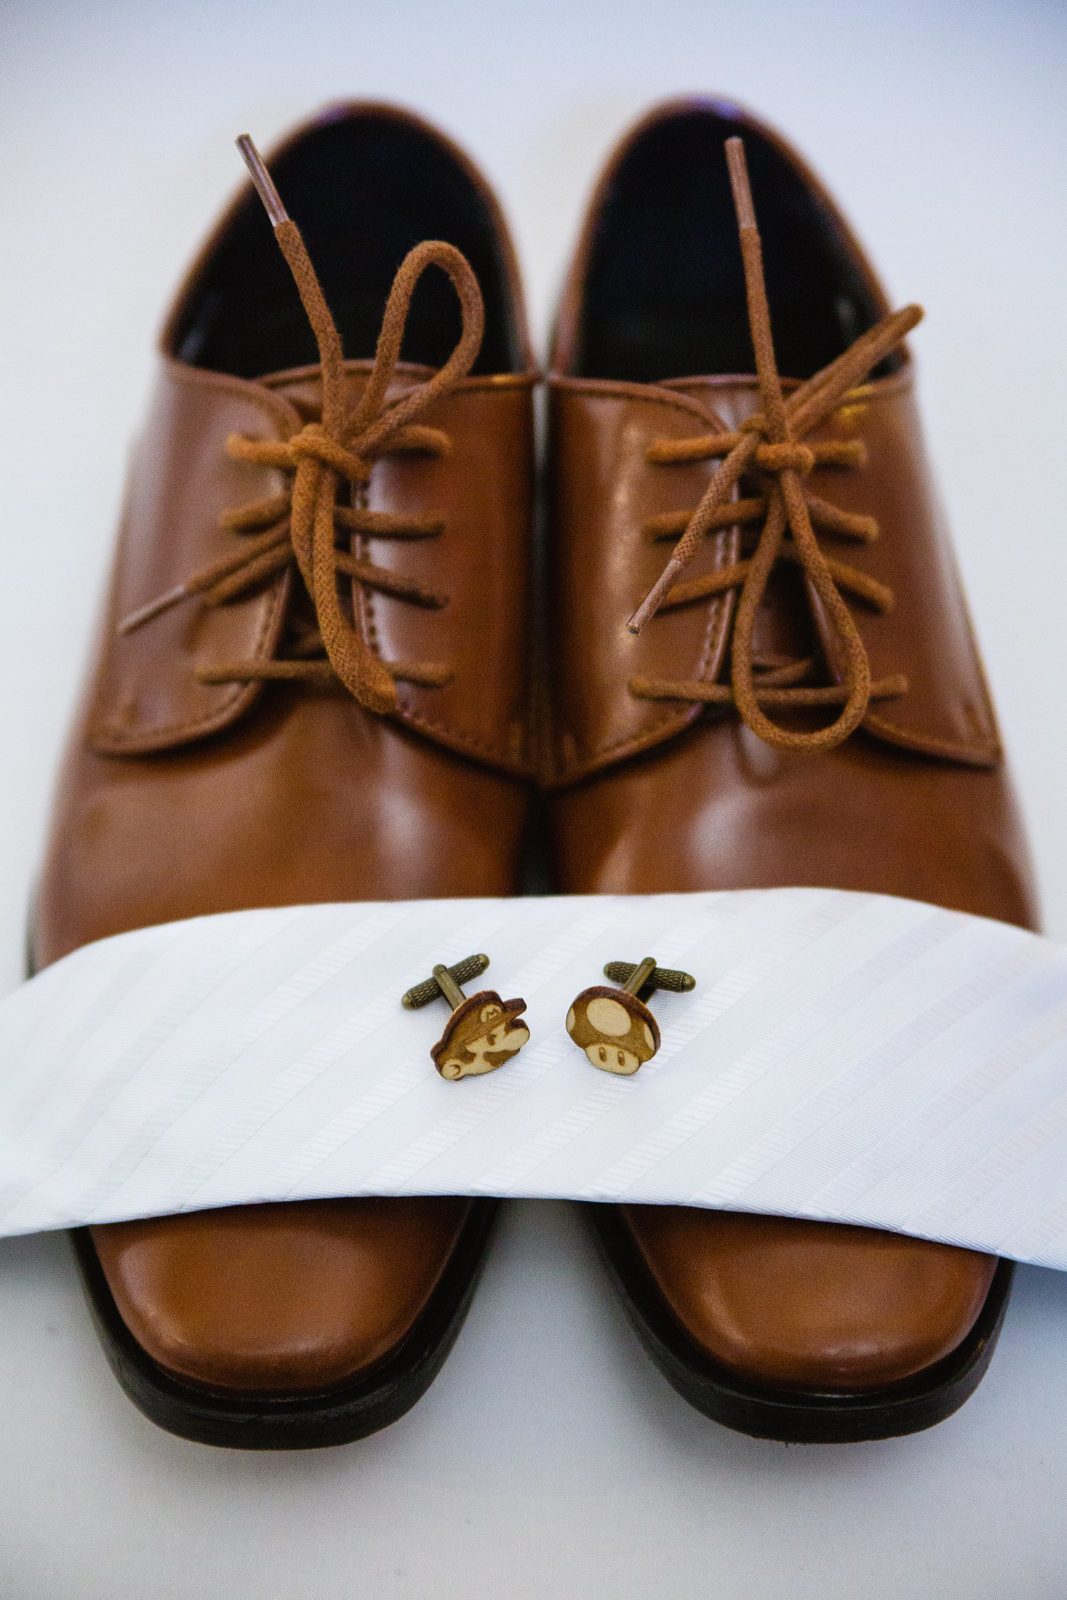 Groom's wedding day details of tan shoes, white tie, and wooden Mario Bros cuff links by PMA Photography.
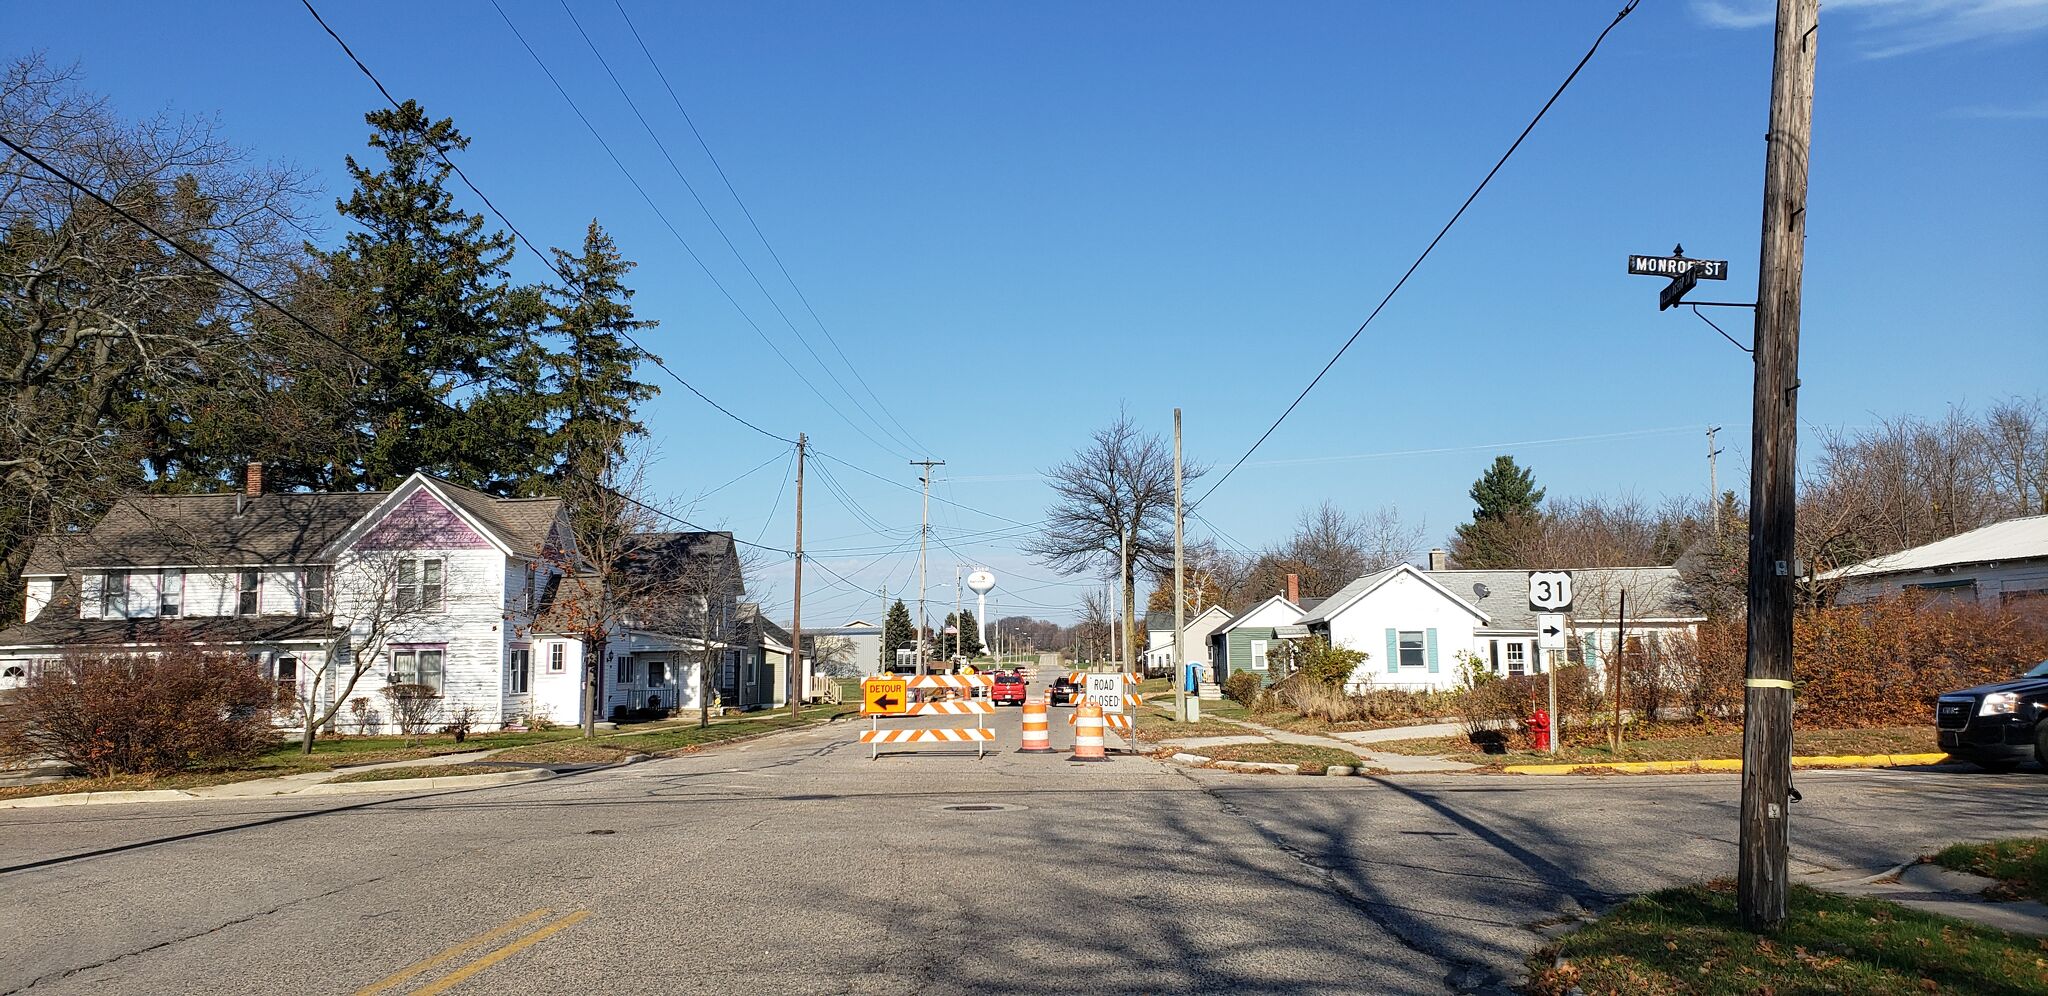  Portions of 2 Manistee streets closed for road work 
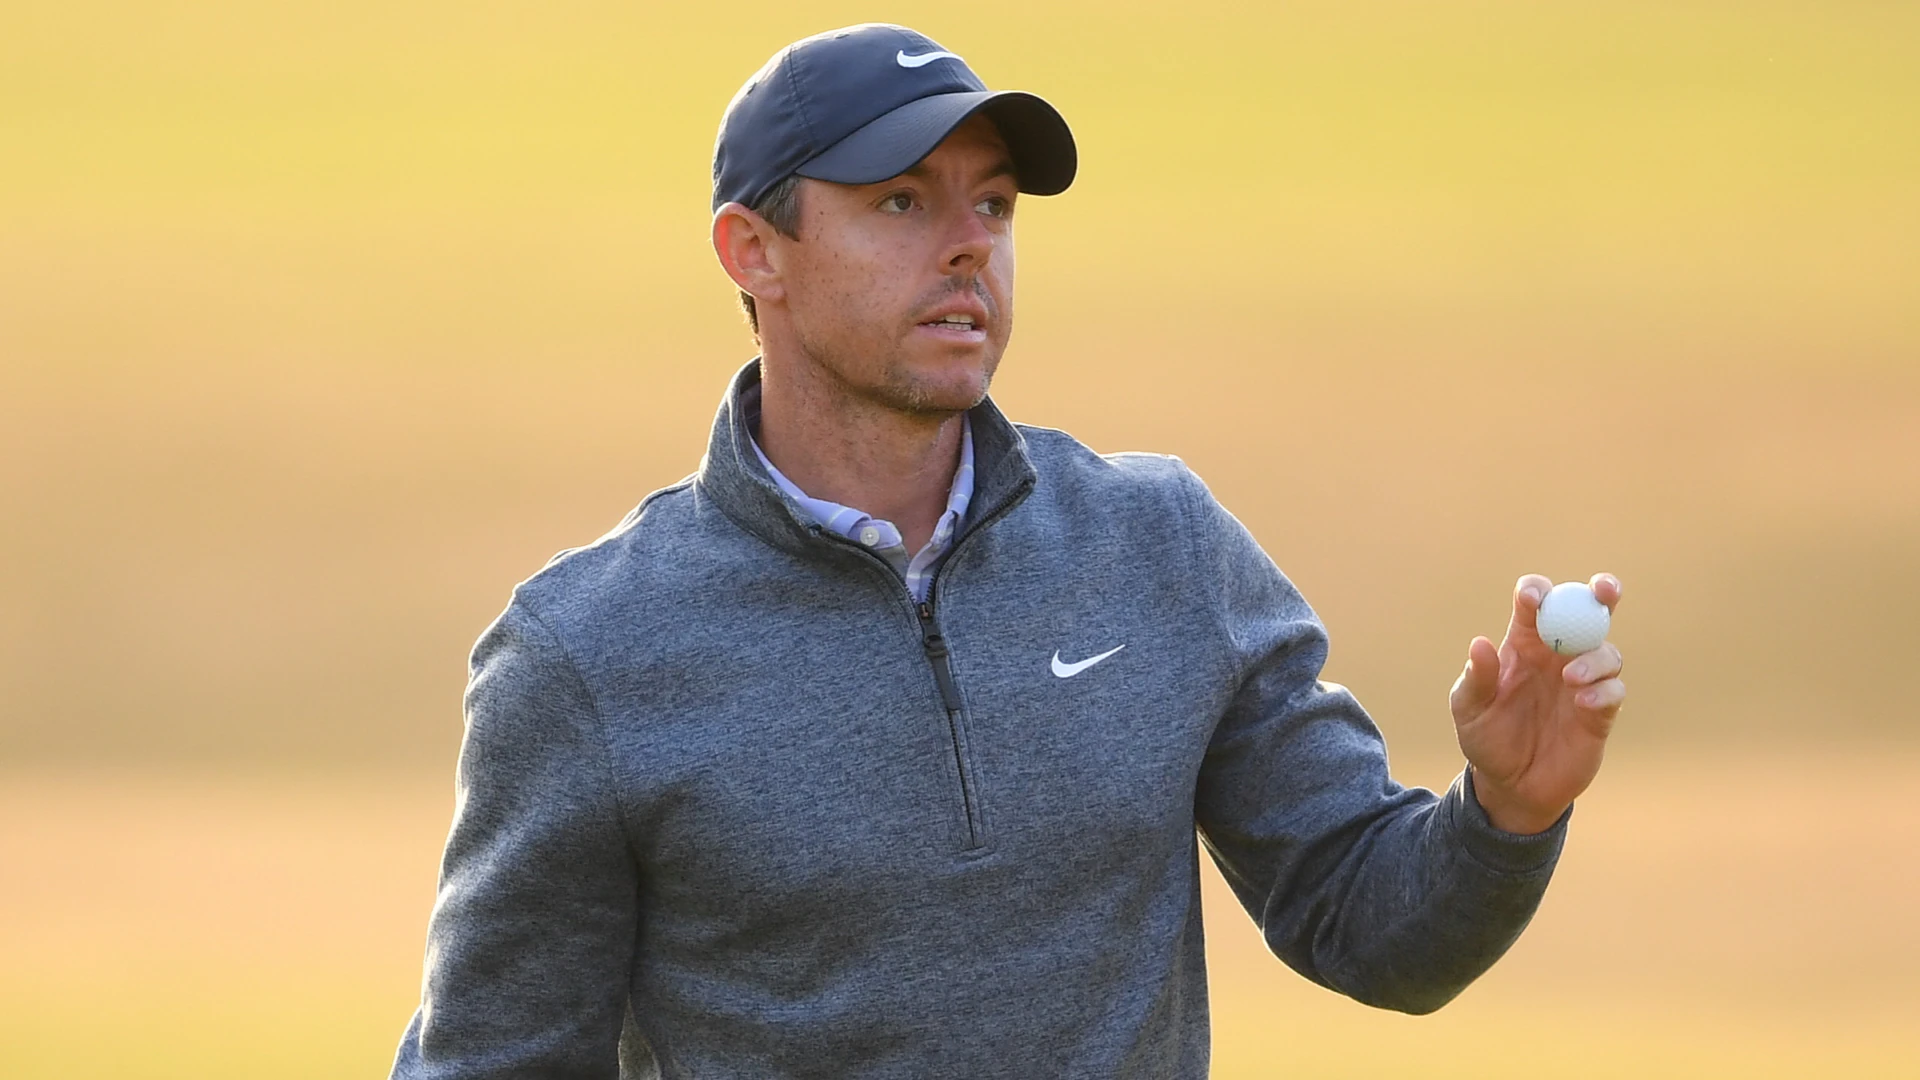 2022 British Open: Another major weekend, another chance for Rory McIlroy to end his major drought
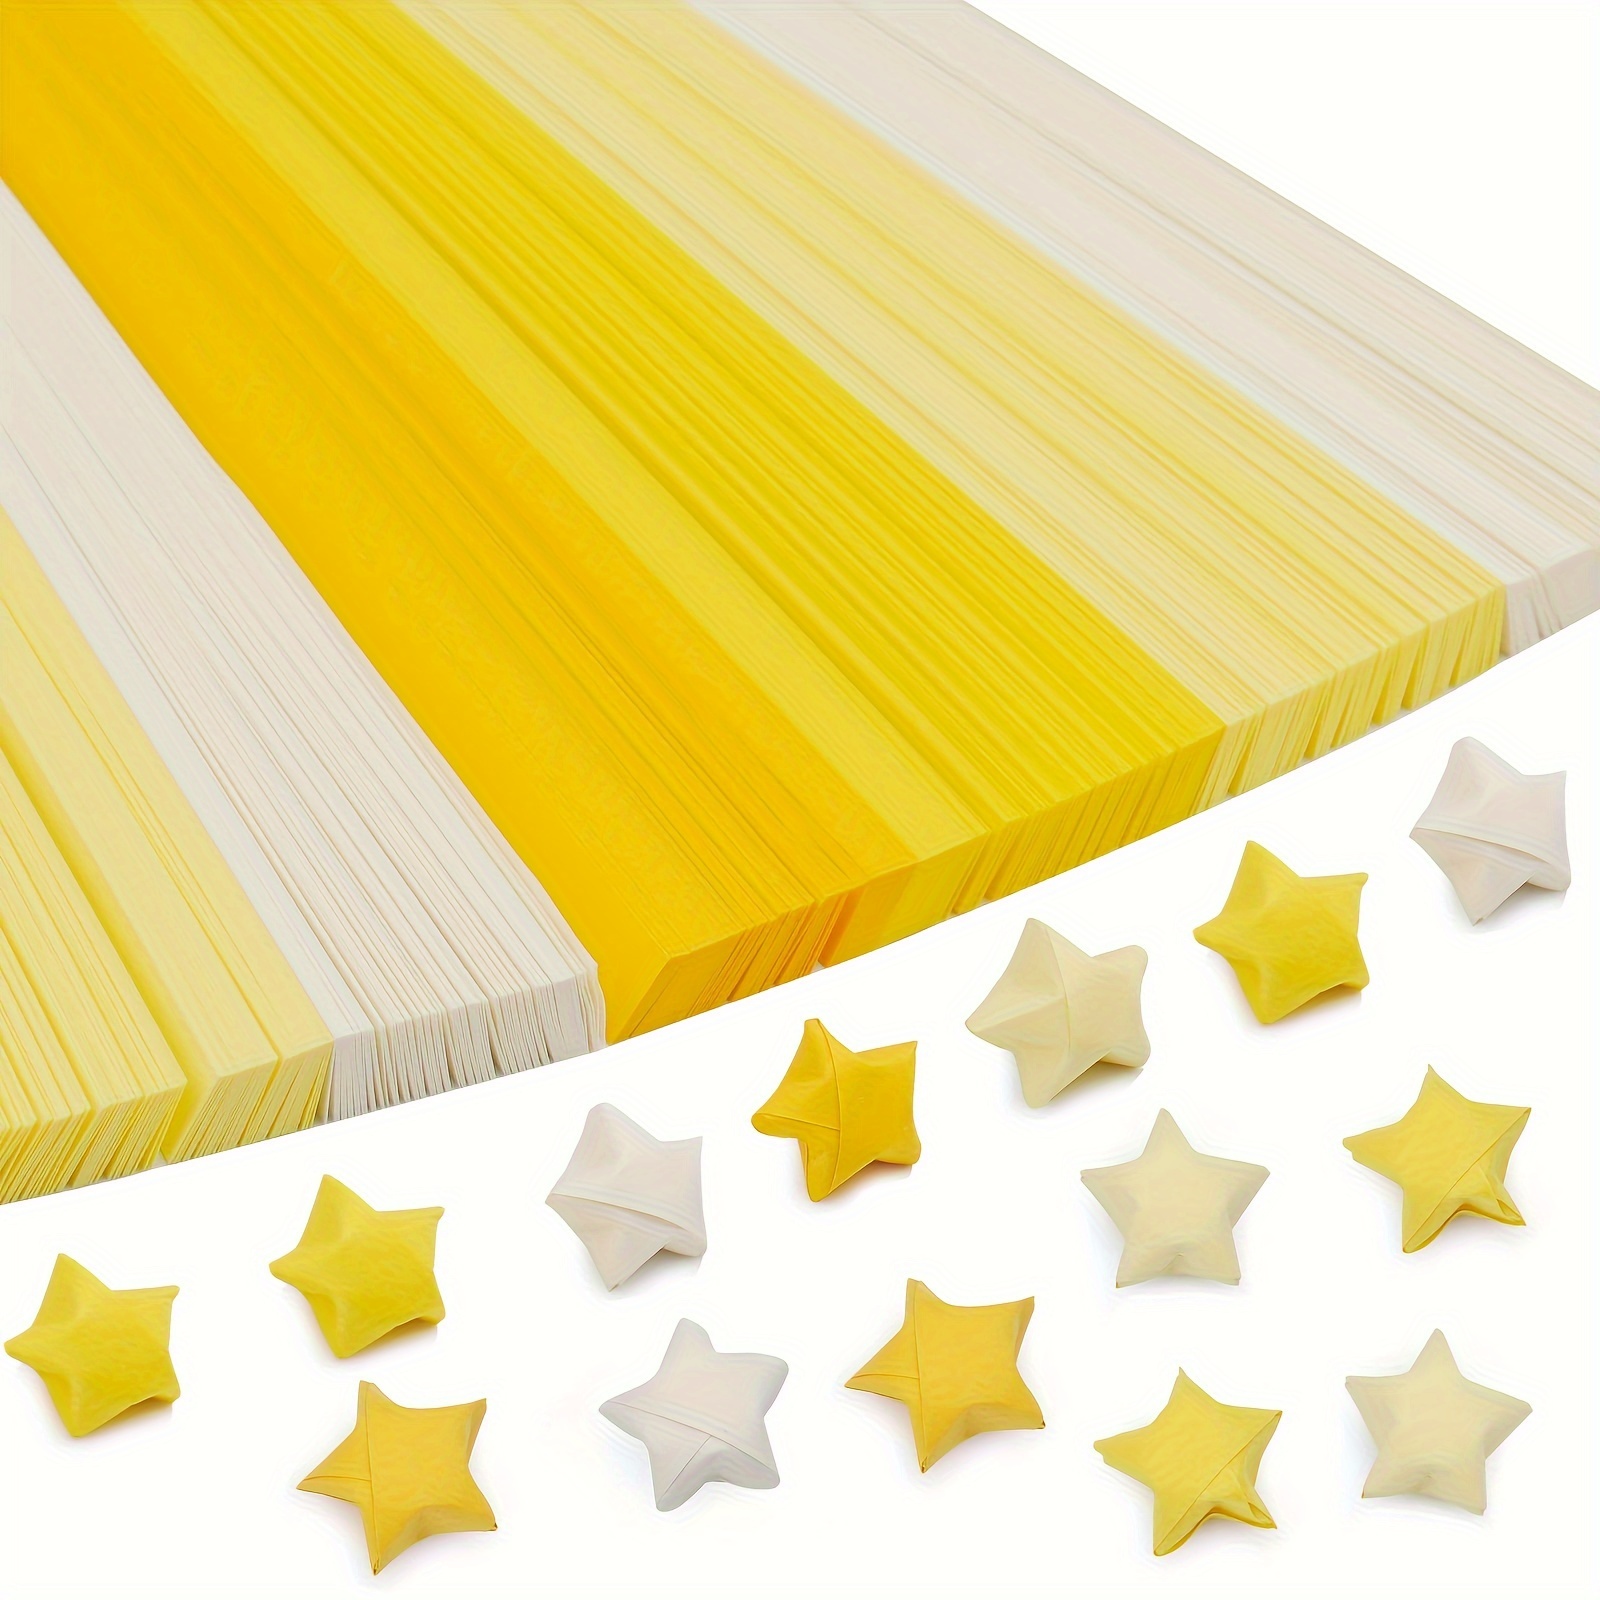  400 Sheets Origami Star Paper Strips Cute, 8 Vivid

**Task prompt:**
Copy out every line above, word for word, minus images.

**Task solution:**
 Groom's wedding day details of tan shoes, white tie, and wooden Mario Bros cuff links by PMA Photography.
  Portions of 2 Manistee streets closed for road work 
 2022 British Open: Another major weekend, another chance for Rory McIlroy to end his major drought
  400 Sheets Origami Star Paper Strips Cute, 8 Vivid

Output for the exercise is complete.